Lübeck: Archiv - 20.10.2022, 11.59 Uhr: Am Mittwoch, 19. Oktober, ist am Landgericht Lübeck das lang erwartete Urteil gegen den Ex-Polizeigewerkschafter Thomas Nommensen gefallen. Der Vorwurf: Der 55-Jährige soll wiederholt einem Journalisten vertrauliche Internas verraten haben. Das Gericht hatte, so Richter Klaus Grammann, keinerlei Zweifel an der Schuld des Angeklagten und verurteilte ihn zu einer Geldstrafe von 300 Tagessätzen.

Das Lübecker Gericht kam zu der Überzeugung, dass Nommensen in einer Vielzahl von Fällen vorsätzlich Dienst- und Privatgeheimnisse verraten hat. Als besonders schwerwiegend stufte das Gericht die Weitergabe von Fotos einer Frau ein. Diese war Opfer einer versuchten Vergewaltigung geworden und hatte dabei Verletzungen im Gesicht erlitten. Obwohl die Bilder nicht veröffentlicht wurden, sah das Gericht hier eine vorsätzliche Gefährdung des Opferschutzes.

In vier von 16 angeklagten Punkten sah das Gericht hingegen den Tatbestand nicht als erfüllt an. Hier sollen "nur" Privatgeheimnisse betroffen gewesen sein. Startpunkt der Ermittlungen gegen den Gewerkschafter waren ursprünglich Vorfälle im Sommer 2019. Damals soll Nommensen interne Informationen zu dem Geiselnahme-Einsatz in der Lübecker JVA an den befreundeten Journalisten weitergegeben haben.
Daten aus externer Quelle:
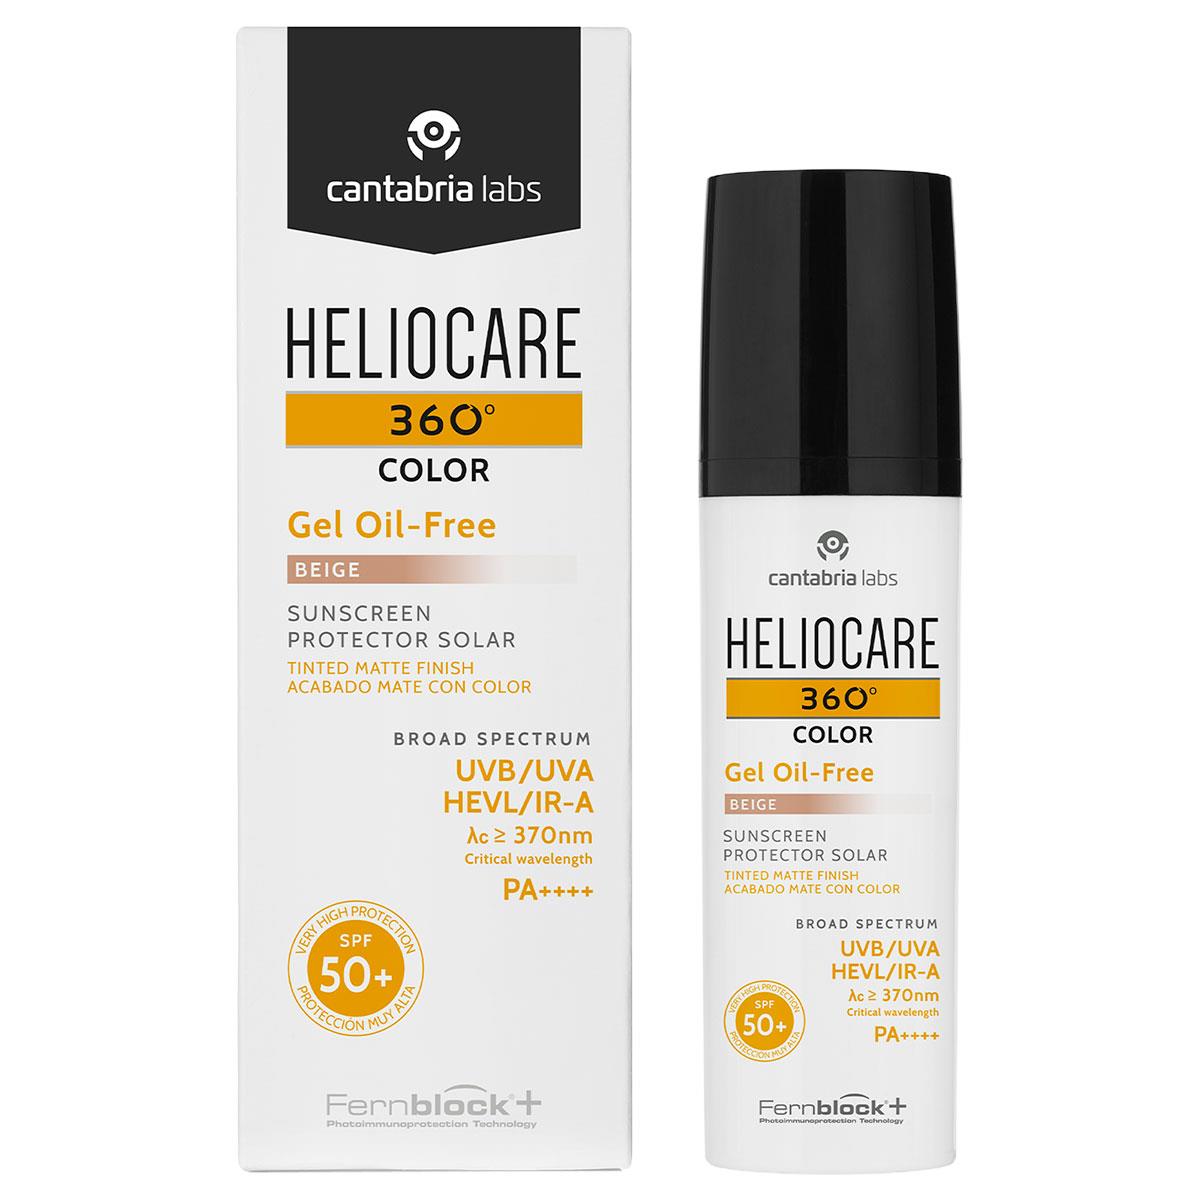 HELIOCARE 360 COLOR GEL OIL FREE BEIGE 50 ML | The Glow Shop

Dem Urteil vorangegangen waren zähe Verhandlungen, in denen seitenweise aus Chatverläufen zwischen Nommensen und dem Reporter vorgelesen worden war.

Thomas Nommensen wurde zu 300 Tagessätzen in Höhe von 40 Euro verurteilt. Insgesamt muss er 12.000 Euro bezahlen. Bei Geldstrafen richtet sich die Anzahl der Tagessätze nach der festgestellten Schuld, die Höhe hingegen orientiert sich am Einkommen des Täters. Der 55-Jährige kann die Strafe in monatlichen Raten von 300 Euro begleichen.
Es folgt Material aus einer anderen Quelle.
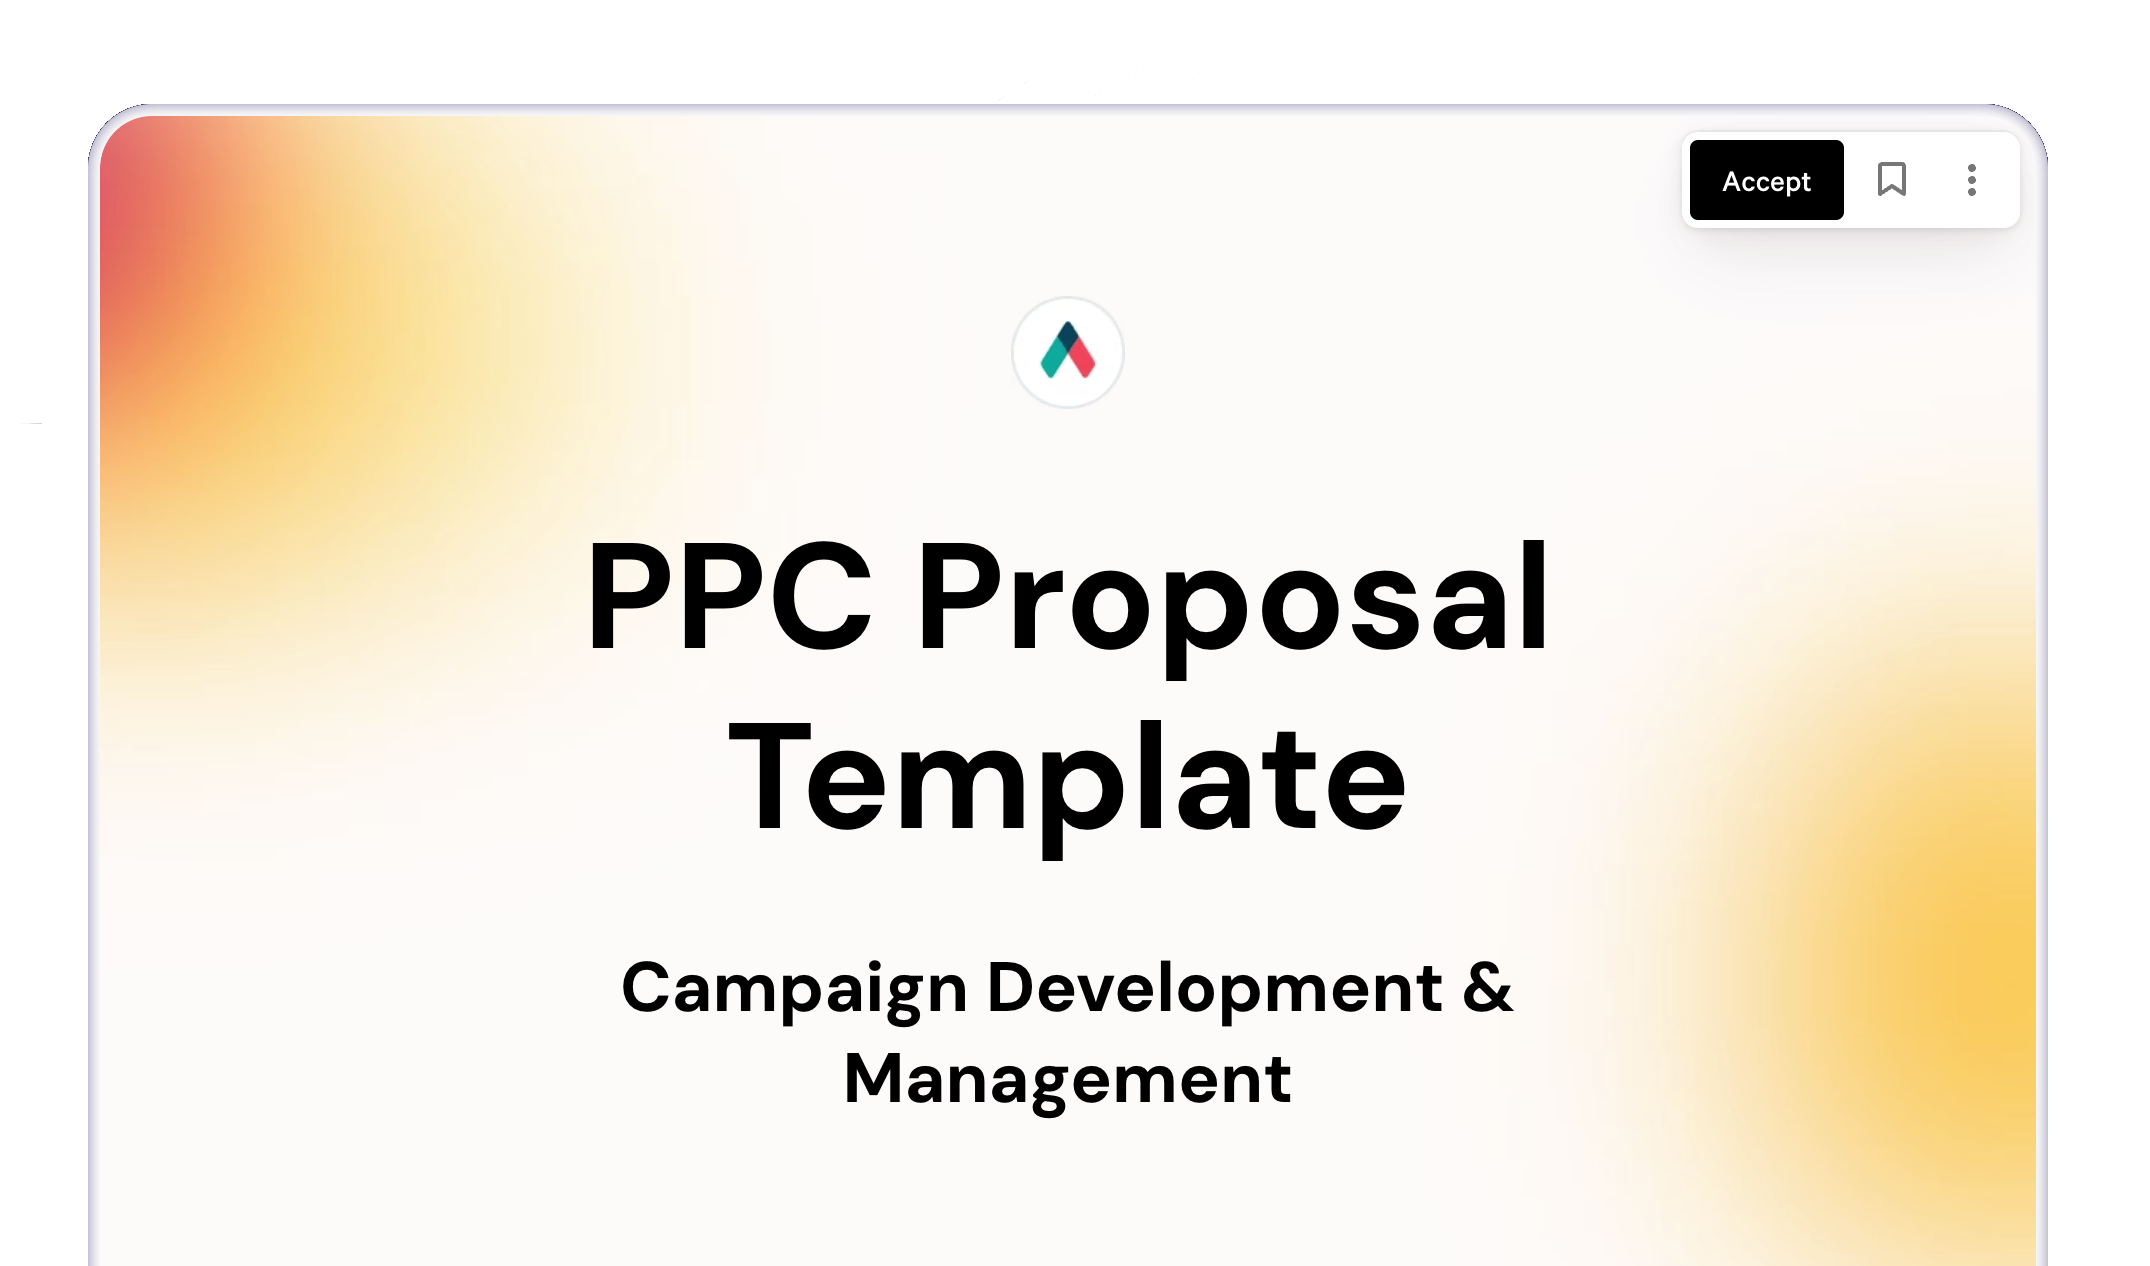 PPC Proposal Template
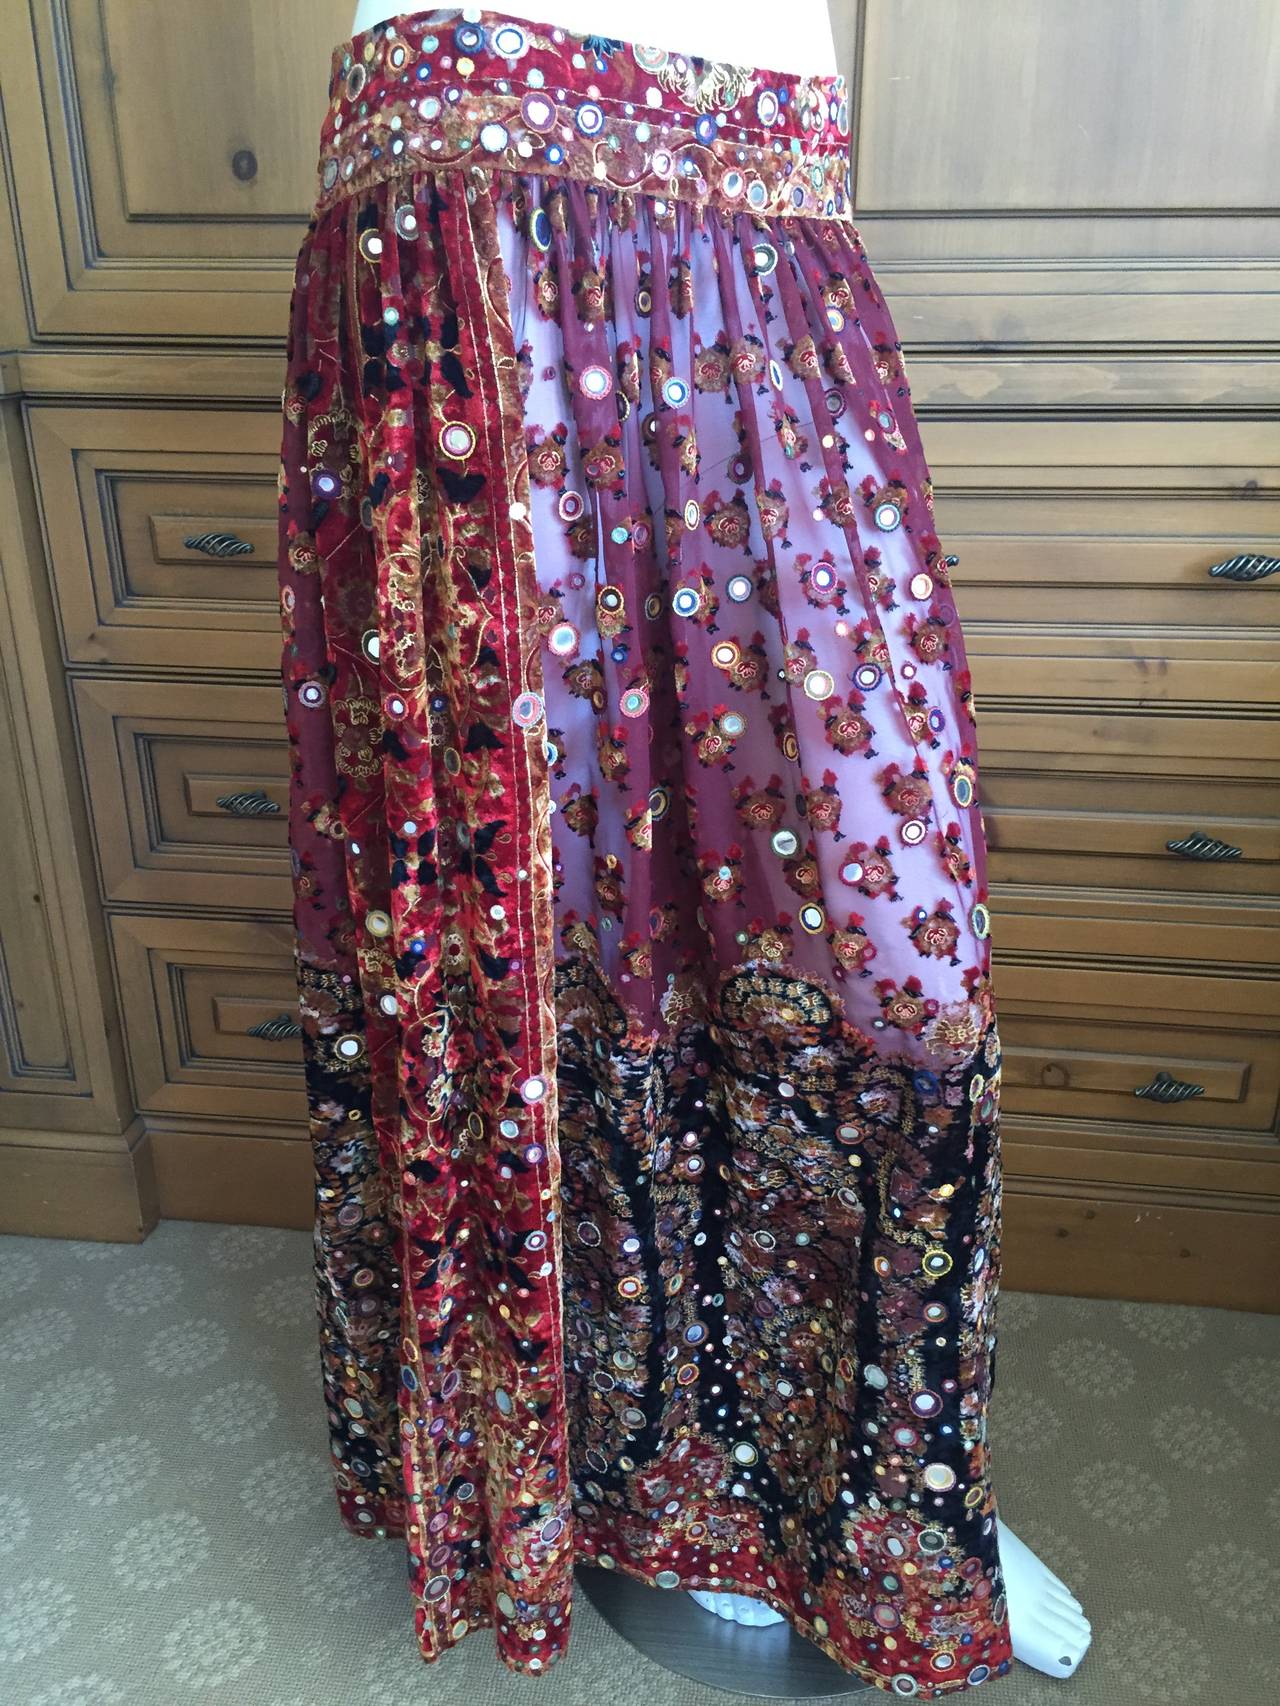 Oscar de la Renta Vintage Boho Gypsy Skirt with Mirrors.
This is wonderful, cut out velvet with mirror details, sheer in the front.
Marked size 4 but seems to run large
Waist 34

Der Ex-Polizeigewerkschafter war geständig gewesen und hatte die Vorwürfe mehrheitlich eingeräumt. Nommensens Verteidiger gab sich mit dem Urteil zufrieden, obwohl er für 180 Tagessätze plädiert hatte. Eine härtere Strafe wäre aber durchaus möglich gewesen. So hatte die Staatsanwaltschaft eine Freiheitsstrafe von einem Jahr und zehn Monaten gefordert. Diese Strafe hätte weitreichende Konsequenzen gehabt: Nommensen hätte automatisch seinen Beamtenstatus verloren.

Umstritten bleibt nach wie vor sein Motiv. In der Verhandlung hatte die Verteidigung wiederholt argumentiert, dass der Angeklagte nur Missstände habe aufdecken und bekämpfen wollen. Auch wenn er große Fehler gemacht habe, er habe niemanden schädigen wollen, so Nommensen selbst. Er sei eine Art "Whistleblower". Wenig glaubwürdig, fand die Staatsanwaltschaft. Der Angeklagte habe aus "Geltungsdrang" gehandelt. Es sei ihm nur darum gegangen, die Führung der Landespolizei schlecht dastehen zu lassen.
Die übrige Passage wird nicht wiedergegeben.